If so, there's a reason why few manufactures are offering wood at that length. 

Sorry, you haven't really provided enough information about "you" (like draw length) and what you plan on doing with the bow for us to make any kind of recommendations, without making a lot of assumptions first. For example you may have Olympic dreams or want something pretty to hang on the wall and shoot on alternate Sundays.

The more information you give, the better the replies.

Viper1 over.


----------



## vinfoto (Feb 23, 2010)

Have a look at nanino they make awesome custom handles up tot 25"

Nanino.at (Austria Europe)


----------



## pipcount (Oct 9, 2012)

I did a worksheet on google docs, found risers like discussed above and others, put a synopsis together.

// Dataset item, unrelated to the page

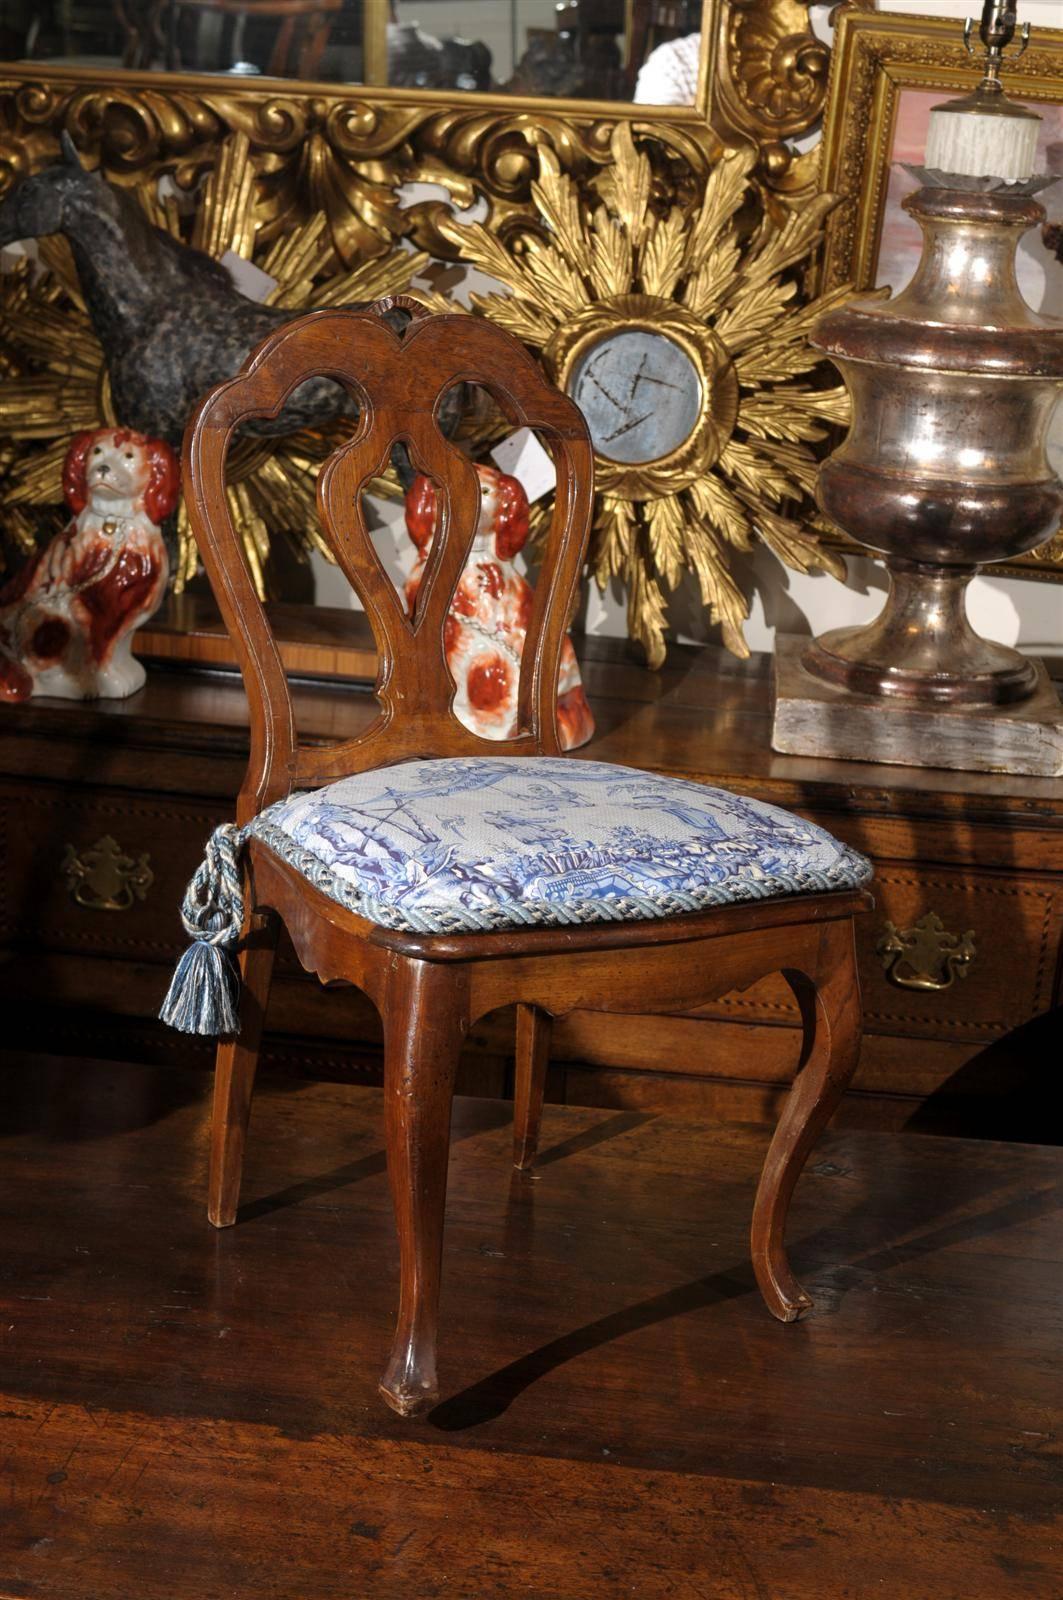 This French walnut child's chair from the 19th century features a slightly slanted and curved back with pierced splat. This small size side chair from circa 1860-1870 is raised on two cabriole legs in the front, reminiscent of the Louis XV era, and

Considering releasing the doc so folks could directly see and modify...


----------



## woof156 (Apr 3, 2018)

vinfoto said:


> Have a look at nanino they make awesome custom handles up tot 25"
> 
> Nanino.at (Austria Europe)


Hol e tol edo is that a riser or is it art?? Wonder how that shoots, a carved riser?? Cost??


----------



## arbor (Feb 3, 2017)

Crazy looking!


----------



## BrightRodger (Jul 23, 2014)

This is a great thread.. I'm trying to find a wooden bow I can shoot off the shelf in a longer length for string walking stability. I only have a 27.5" draw length so a 68 or even possibly a 66" might still allow stable arrow flight even with a pretyt large crawl.


----------